Why is everybody forcing me to upload to the web the very files I want to keep private to myself? If any code in the universe should run locally, it's this kind of code.
That the frontend is hosted on someone else's server is a convenience, but I see your point and agree. Technically nothing is uploaded anywhere, nor does it call any APIs to do the de/encryption. Instead, it uses the cryptography mechanisms built into your browser. Local file access and creation are via FileSystem api[0]. Said differently, you could save the page to your desktop—ensure all the includes are to local files, and still run it. In fact, thats's what I did with Portable Secret[1] which others noted was previously posted here. I can confirm this works and nothing "calls home".
> Why is everybody forcing me to upload to the web the very files I want to keep private to myself?

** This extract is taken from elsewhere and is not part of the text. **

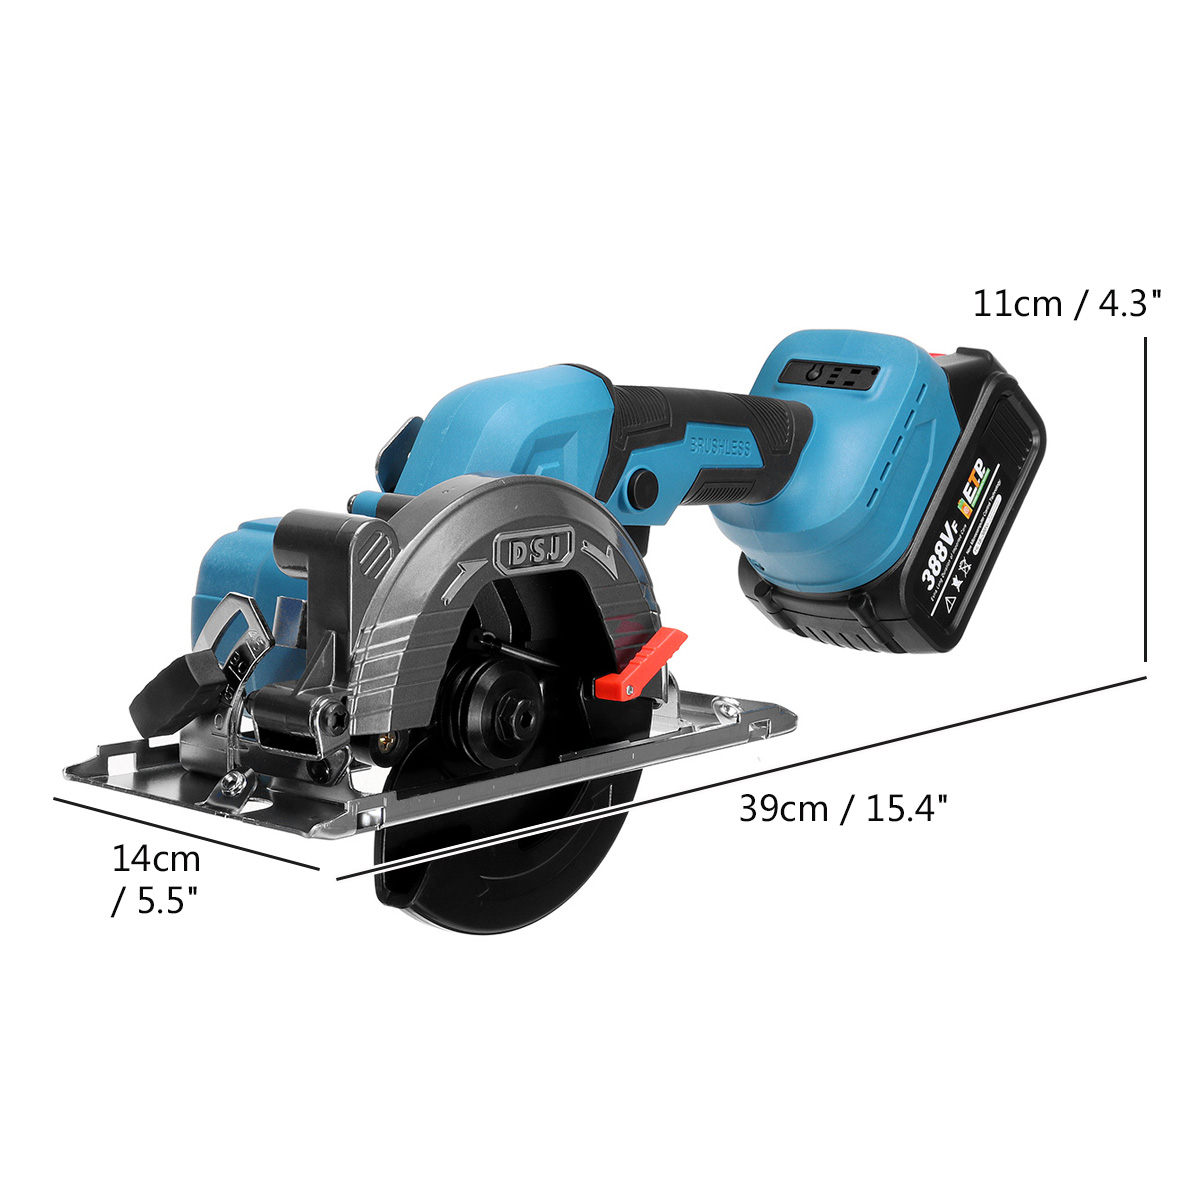 Electric-Circular-Saw-388VF-125mm-Saw-Blade-Brushless-Multi-Angle-Cutting-Suitable-With-18v-Battery-1941553-13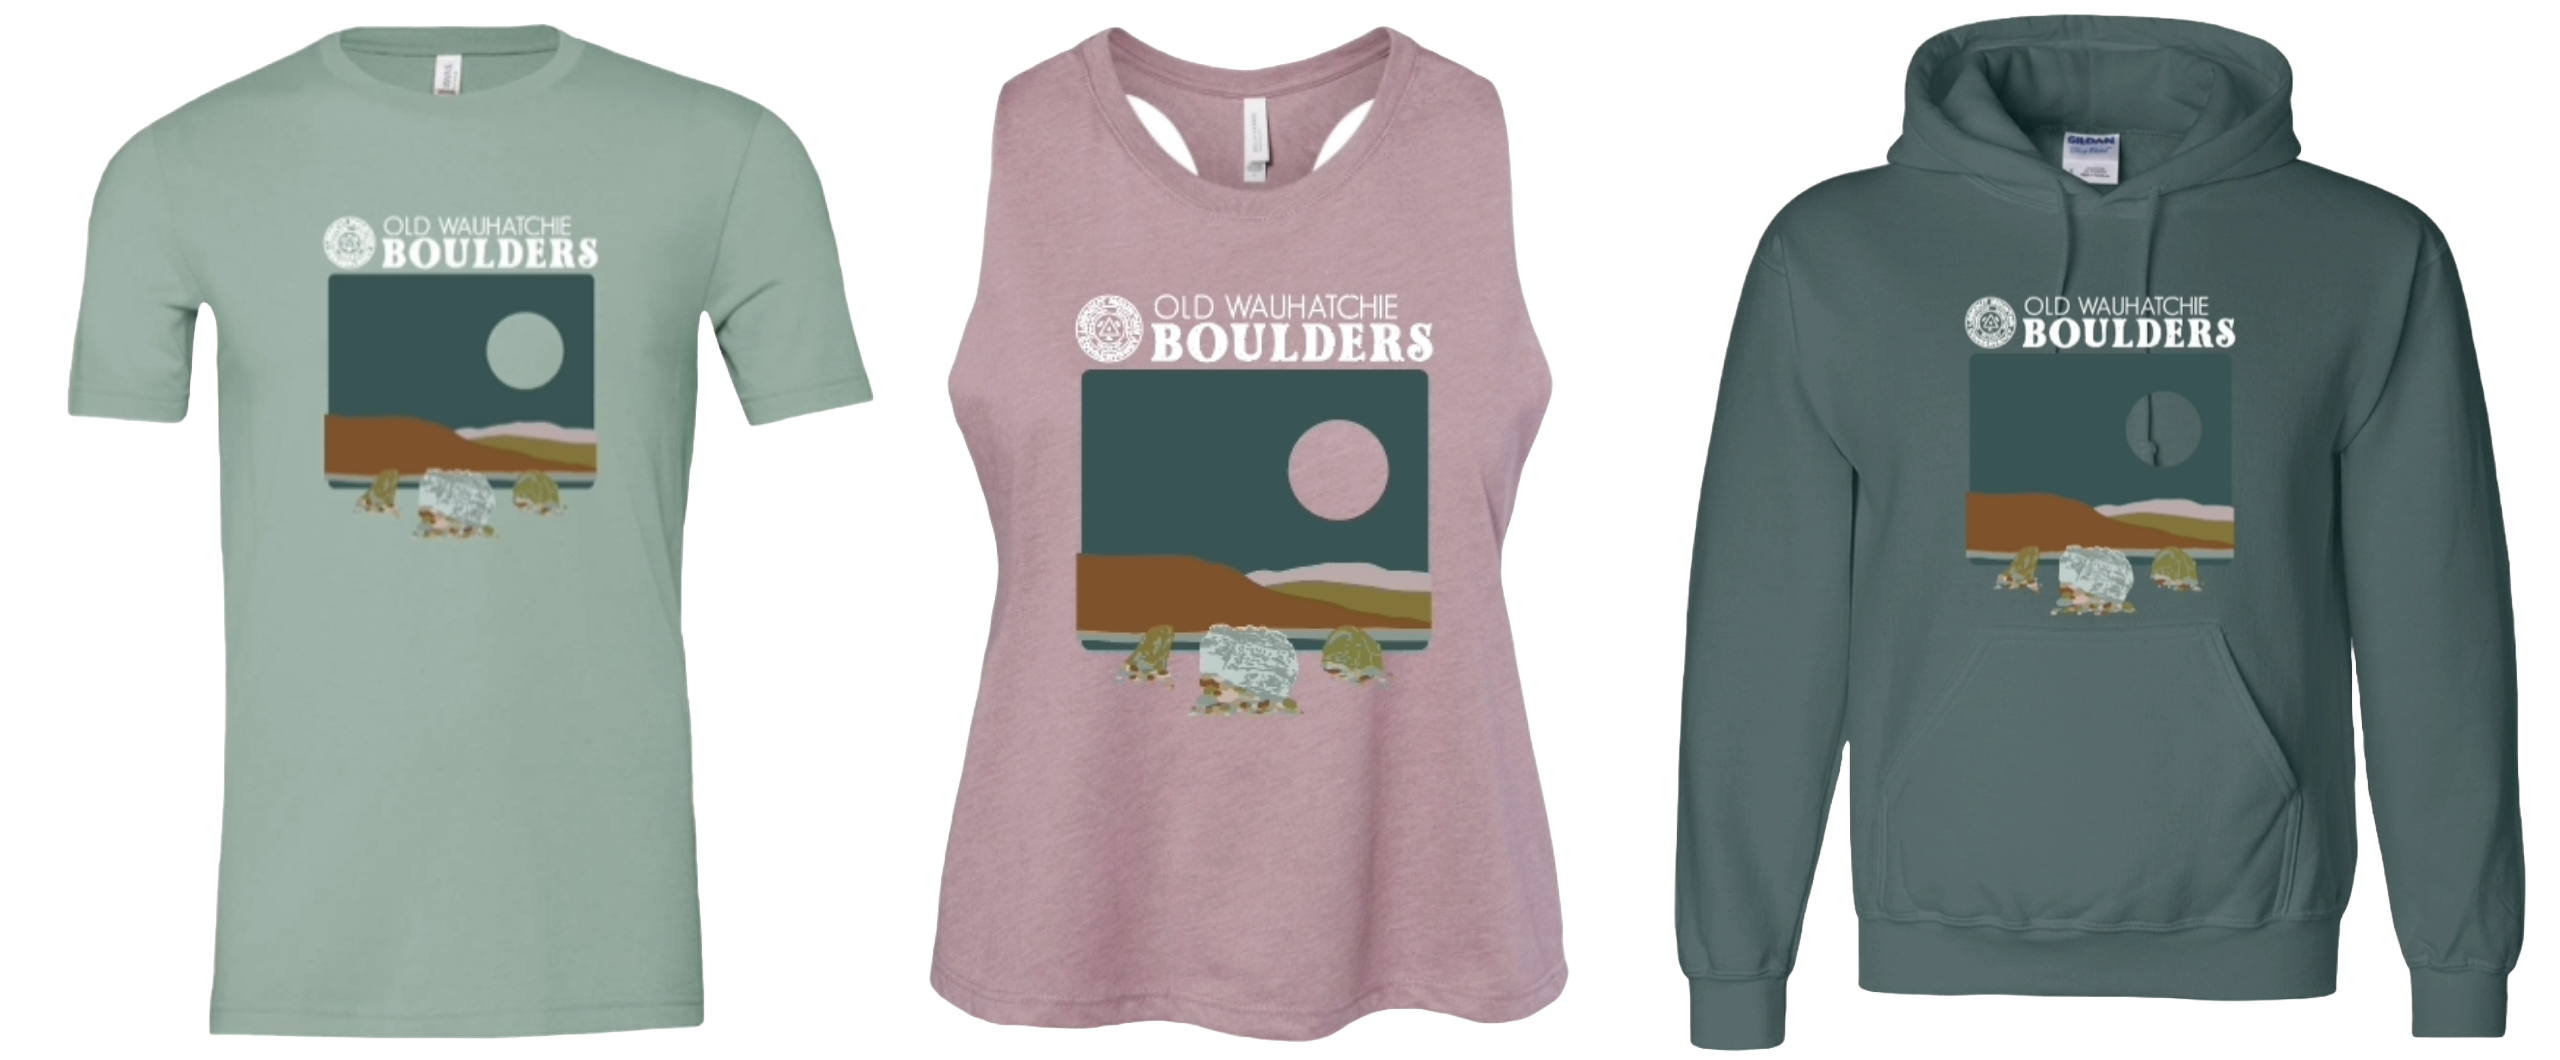 Pictured: new sage green Boulderfest t-shirt, dusty rose racer back tank, and forest green sweatshirt

This isn't the use-case I had in mind.
My personal one: I want to build a small utility web app for a very specific task, and it would be used by me and by some of my friends (less than 10 users total). The entire thing can easily be front-end code, which is nice, because I can just host it on Netlify and not bother with hosting, managing it, etc., thus making the complexity of it all much lower.
But there is one catch - the web app uses an external API, and, along with it, the API access key. This puts a big stop sign for making it front-end only. And I don't want to up the level of complexity by managing the back-end just for the API access key retrieval (for a webapp used by less than 10 people). Exposing the API key in the front-end code on a publicly accessible website is one of the worst ideas I can think of.
I haven't done the evaluation on how well the solution in the OP would serve my specific purpose, but it looks promising.
I don't get it.
Great UI, though. But I still don't get it.